Antes de que llegara la ola siberiana que nos ha invadido de golpe, por sorpresa y con crueldad extrema (como invaden los vikingos prestos al saqueo despiadado de prósperas y fértiles tierras, o como invaden con igual saña los mimos callejeros a los inocentes ciudadanos que celebran su semana de fiestas en la villa), ya me había encontrado con personajes curiosos en el autobús que me han sorprendido con sus vestimentas rigurosas en jornadas más bien templadas, carentes del recio frío norteño. El pasado fin de semana, sin ir mucho más lejos, cuando la temperatura al mediodía era bastante moderada aunque escandalosa para las fechas en las que nos encontramos, subió a mi autobús de la línea Periférica un hombre estrafalario cargado con bártulos imposibles. Portaba un caballete difícilmente manejable, una caja de témperas a medio usar, estuches con acuarelas y óleos en revuelta confusión, una bolsa con carboncillo y tentetieso, y una especie de tarro repleto de pinceles de muy diversas formas y tamaños. Se sentó en un hueco reservado a personas con movilidad reducida, por lo que le advertí por si subía alguien que precisara ocupar esas plazas.

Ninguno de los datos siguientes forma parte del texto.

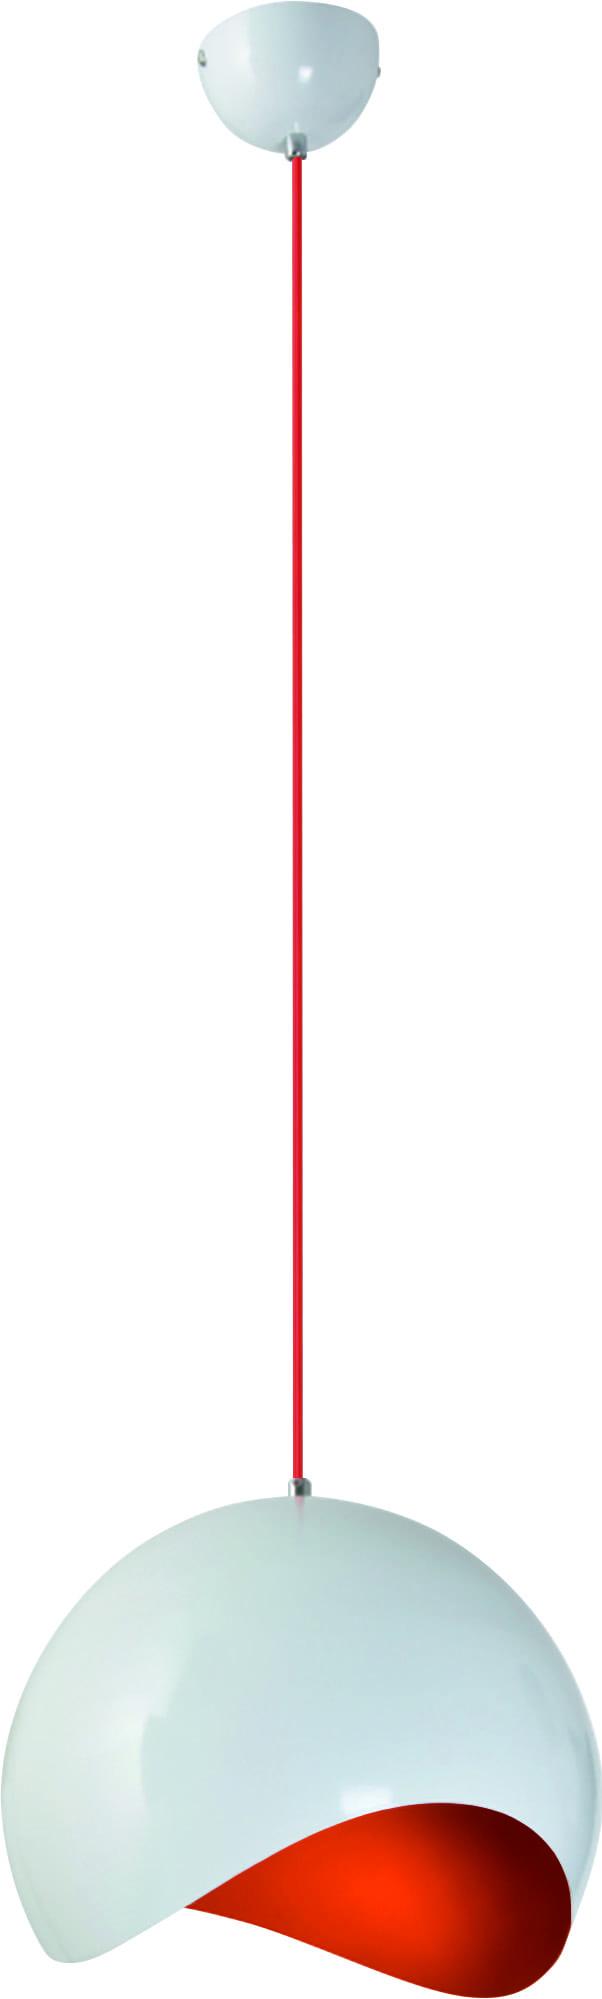 Biała lampa wisząca z czerwonym środkiem Alena

-Casi se me puede considerar a mí una persona necesitada -refunfuñó al escucharme el aviso-. No sabe usted lo mal que lo paso. Los artistas somos personas en seria minusvalía -continuó-. No sacamos dinero suficiente ni para llegar a fin de mes con nuestros cuadros. Además yo, particularmente, sufro unos sofocos espantosos que me traen por el camino de la amargura. ¿No puede usted poner el aire acondicionado un ratito? -Me sugirió al fin-.
-No, hombre -le respondí un tanto perplejo-. Hace buena temperatura en la calle, pero no como para conectar el climatizador. Estamos a unos estupendos veinticuatro grados para ser invierno. Y aunque el sol a través de los cristales caliente bastante, lo que ocurre -continué- es que usted va muy abrigado.
-No me queda otra -replicó-. Sepa que para evitar quedarme congelado, incluso en los meses más calurosos del año, he de embutirme en unos calzoncillos largos de felpa, pantalones térmicos, sudadera nórdica, chaleco ignífugo, chamarra de pelo y mantita de cuadros en plan toquilla por si acaso.
-¿Por si acaso? ¿Por si acaso qué? Me sorprende que vaya usted con tanta ropa. Le va a dar un soponcio de un momento a otro. ¿De verdad considera necesaria tanta cautela ante el frío?
-Sin duda -afirmó el maestro del lienzo-. Y precisamente si voy con este atuendo es por culpa del dichoso arte.
-No entiendo que tiene que ver su trabajo en todo esto?
-Está claro; como es bien sabido por todos: “el arte, es morirte de frío”.